3.2, Peripheral neuropathy
Peripheral neuropathy can originate in neurons, axons, or myelin sheaths, causing loss of neuronal or axonal function; or affect ion channels, causing ion channel disease and affecting peripheral nerves; or damage nerve endings, resulting in neuromuscular lesions [2]. Neuronal lesions are more likely to involve sensory nerves, and proprioceptive deficits appear earlier or are more severe than pain, but nerve conduction velocities can be normal. Desmoplastic peripheral neuropathy is due to destruction of the myelin sheath of the Schwann cells or internodes, and the degree of recovery depends on the proliferation and activation of surviving Schwann cells. Axonal disease is due to axonal destruction and occurs gradually, affecting first the long axons and distal ends, with sensory signs often preceding motor signs [8], followed by weakening of ankle reflexes and propagation of signs to the proximal end. The nerve damage sometimes progresses further even after drug withdrawal, then peaks and gradually regains function due to regeneration of damaged axons [9], which is very slow and often irreversible because the axon growth rate is only 1.5-3 mm per day. Axonal ion channel disease is associated with abnormal axonal conduction due to altered ion channel function and is often caused by natural toxins.
3.3, Muscle disease
Drug-induced skeletal muscle damage is relatively rare and most may be caused by actual denervation [2], which usually manifests clinically as limb weakness, myalgia, myalgias, myoclonus, swelling and muscle atrophy [15]. Myalgia or weakness occurs in 1-5% of statin users, and rhabdomyolysis may develop in severe cases. The skeletal muscle cytotoxicity of statins is in the following order: cerivastatin > fluvastatin > simvastatin/atorvastatin/provastatin. Betelgebiet increases plasma statin concentrations and increases the risk of myopathy, so it should not be combined with statins [1]. Tetracyclines, polymyxins, clindamycin, aminoglycosides, phenytoin, lithium, and chlorpromazine can cause neuromuscular blockade and should be avoided in patients with myasthenia gravis. Penicillin and beta blockers can occasionally cause myasthenia gravis syndrome. Herbicides containing diazacholesterols or chlorophenoxyisobutyric acid can cause myasthenia; licorice, diuretics, and alcohol abuse can cause hypokalemic paralysis. Skeletal muscle can regenerate rapidly after removal of the appropriate agent, but in severe cases can be fatal due to rhabdomyolysis leading to acute renal failure [2].
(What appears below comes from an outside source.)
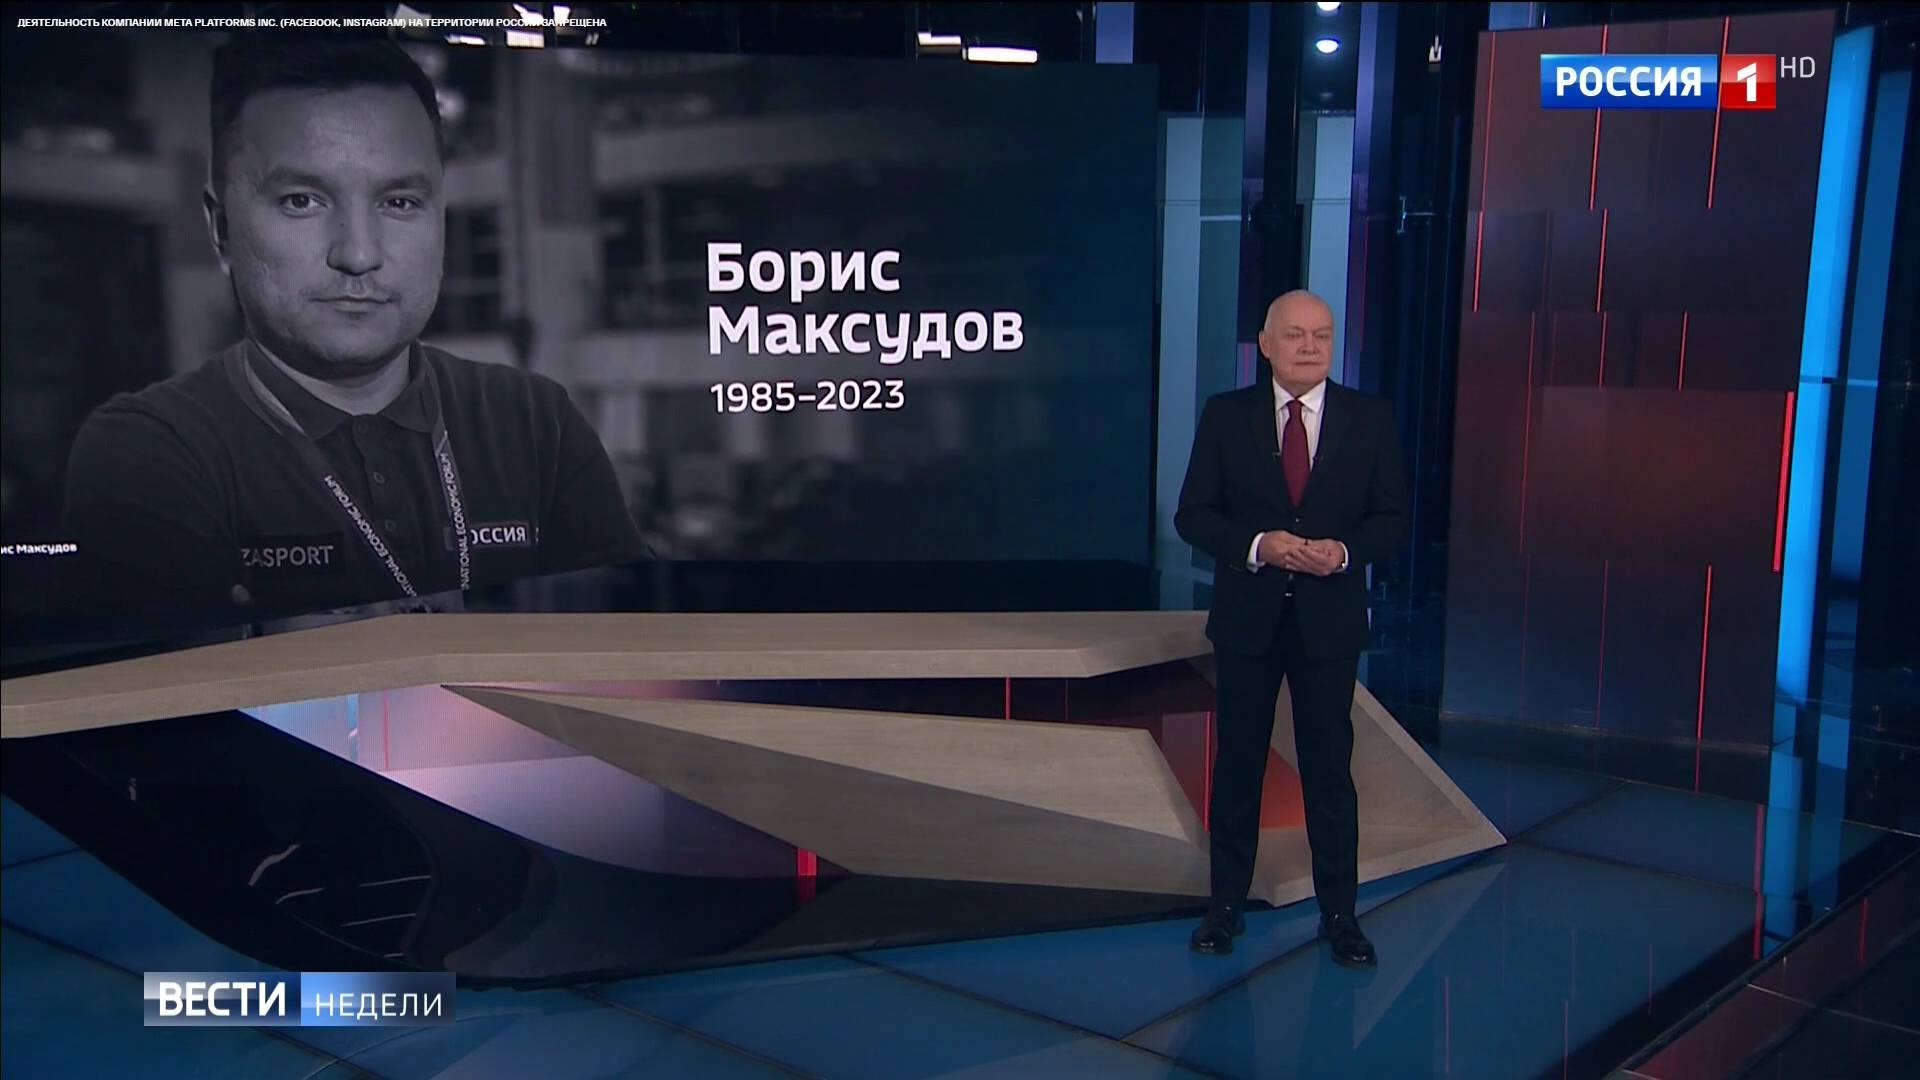 Starszy prezenter w studio. Na ekranie zdjęcie młodszego męzczyzny z rosyjskim podpisem "Borys Maksudow 1985-2023"
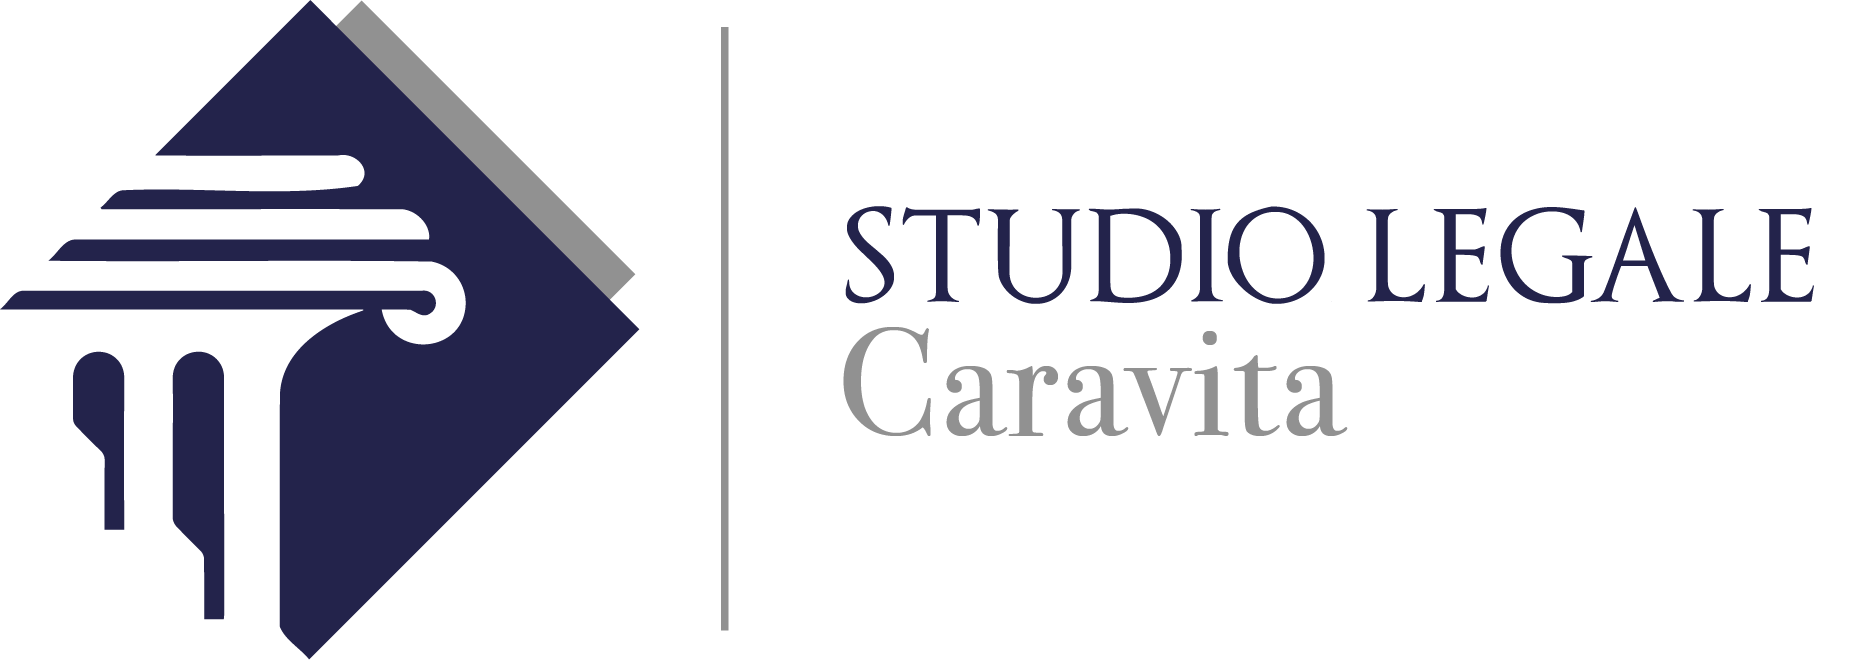 Studio legale Caravita

4, Principles of management of pharmacogenic neuropathy
Clinically, in cases of suspected pharmacogenic neuropathy, a detailed history should be taken immediately, especially to understand the drug use, and neurological examination and necessary ancillary tests, including hematology, neuroelectrophysiology, neuroimaging and neuropsychological determination, should be performed [16]. If neurological signs and symptoms are found, they should be determined to be due to primary disease, general adverse drug reactions, or pharmacogenic neurological damage [17]. If the latter is the case, the drug should be discontinued immediately, the dose should be reduced, or the dose should be maintained under close observation, as appropriate, and symptomatic treatment should be administered [2]. The administration of vitamins and essential trace elements may help in the recovery of neurological symptoms.